Speaker
Description
Axion stars are coherent clumps of wavelike dark matter which are expected to form abundantly in dense structures like axion miniclusters. Due to their large central densities of up to $\rho_\star \sim 10^{23}\,$GeV$\,$cm$^{-3}$ at a QCD axion mass of $m_a=50\,\mu$eV, it has been conjectured that they can give rise to a number of different observable signatures. Among these signatures are the resonant radio conversion of axion dark matter in the magnetic fields of neutron stars, parametric resonance in suitable soliton profiles and the generation of relativistic axions in collapsing axion stars, also called Bosenovae.
We calculate the galactic event rates for these signals and summarize the results of our recent paper on collision rates of axion stars in the Milky Way.
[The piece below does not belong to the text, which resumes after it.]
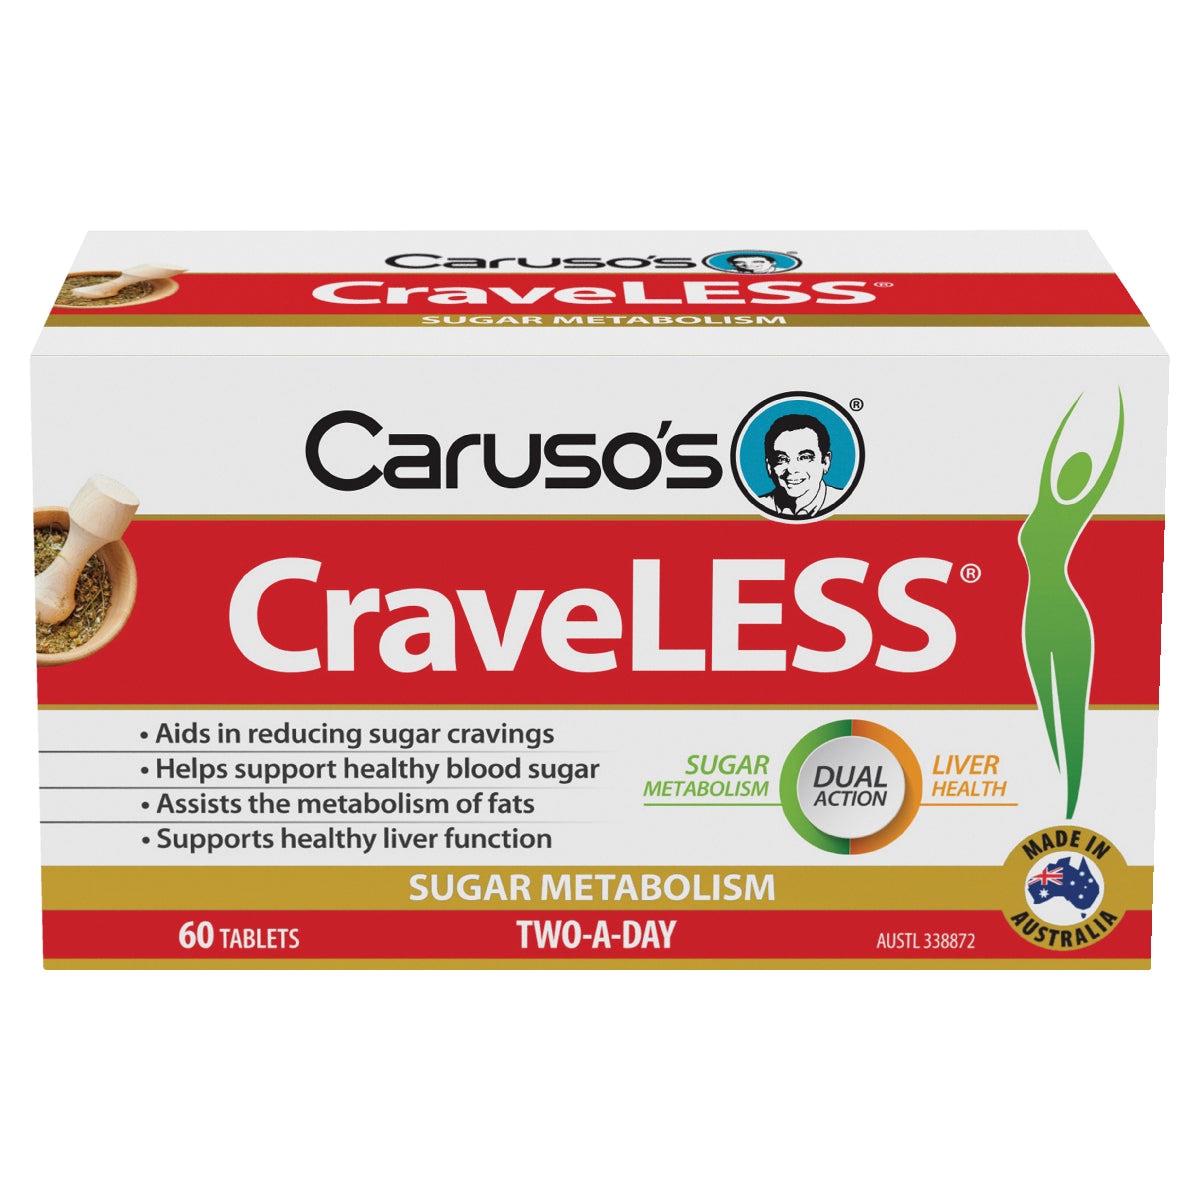 Carusos CraveLESS 60 Tablets

Our analysis shows that the collision rates between miniclusters and neutron stars can become as large as $\sim 10^5\,$yr$^{-1}$ galaxy$^{-1}$, but that the fraction of encounters which can lead to resonance between axion mass and magnetosphere plasma frequency is generally well below $\sim 1\,$yr$^{-1}$ galaxy$^{-1}$. This suggests that Bosenovae and parametric resonance are much more likely to lead to observable signatures than neutron star encounters. We also discuss how axion star accretion can additionally enhance the expected event rates for both Bosenovae and radio bursts.